Филлип провел языком по краю зубов и показал мне ладони — на коже виднелись полукруглые царапины от ногтей.
— Но ты ведь знаешь, в этом его натура.
— Я не понимаю, как ты с ним ладишь. — Филлип продолжал озвучивать свой внутренний монолог, который, как всегда, был слишком громким, чтобы кто-то мог в нем поучаствовать. — Он не человек, а говно.
— Но он ведь правду говорил, да?
— Что?
— Он правду говорил? — повторила я, и дом вдохнул, втянув в себя пламя половины свечей, погрузив нас в темный хаос. — Про тебя и Талию.
— Ты так спрашиваешь, как будто хочешь, чтобы это было правдой.
Будь Филлип чист перед лицом инсинуаций Лина, он ответил бы быстрее, а так он с тихим шипением выдохнул сквозь зубы.
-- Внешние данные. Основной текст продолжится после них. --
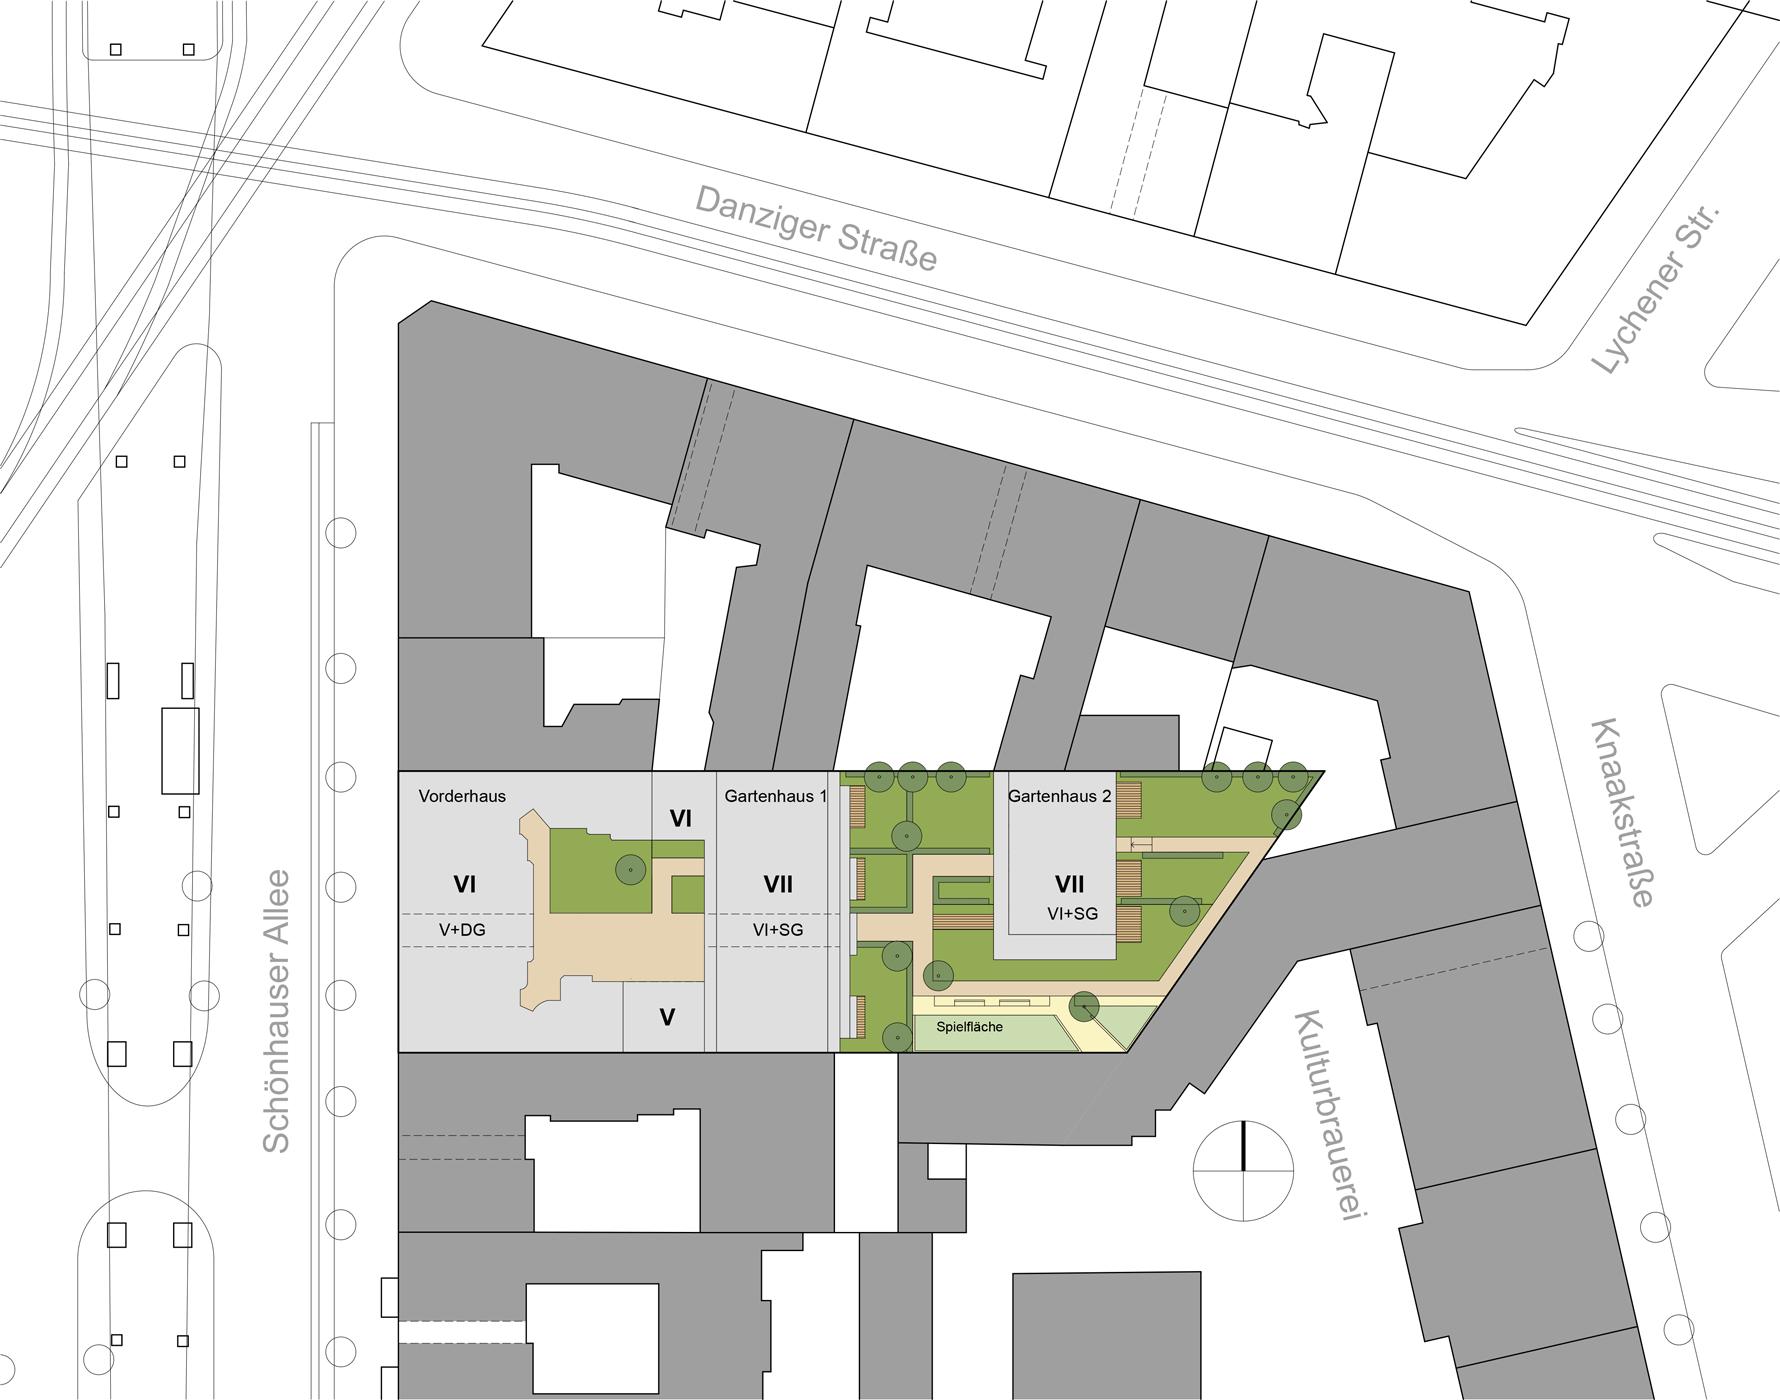 wohnen an der kulturbrauerei berlin prenzlauer berg kampmann architekten gmbh. Black Bedroom Furniture Sets. Home Design Ideas

По крайней мере, весь пар он, к счастью, уже выпустил. В своем теперешнем раздражении Филлип был суров, но безобиден.
— У меня нет никакого мнения по этому вопросу.
— А зачем спрашиваешь?
— Затем, что ты из-за этого едва не забил человека до смерти.
— Это тут совершенно ни при чем. Я же сказал, Лин просто действует мне на нервы. — Он испустил тектонический вздох. — Но надо бы сходить извиниться перед ним. Ты права. Не знаю, что на меня нашло, херь какая-то.
Я молчала, пока шаги Филлипа не замолкли в коридоре, а потом повернулась и…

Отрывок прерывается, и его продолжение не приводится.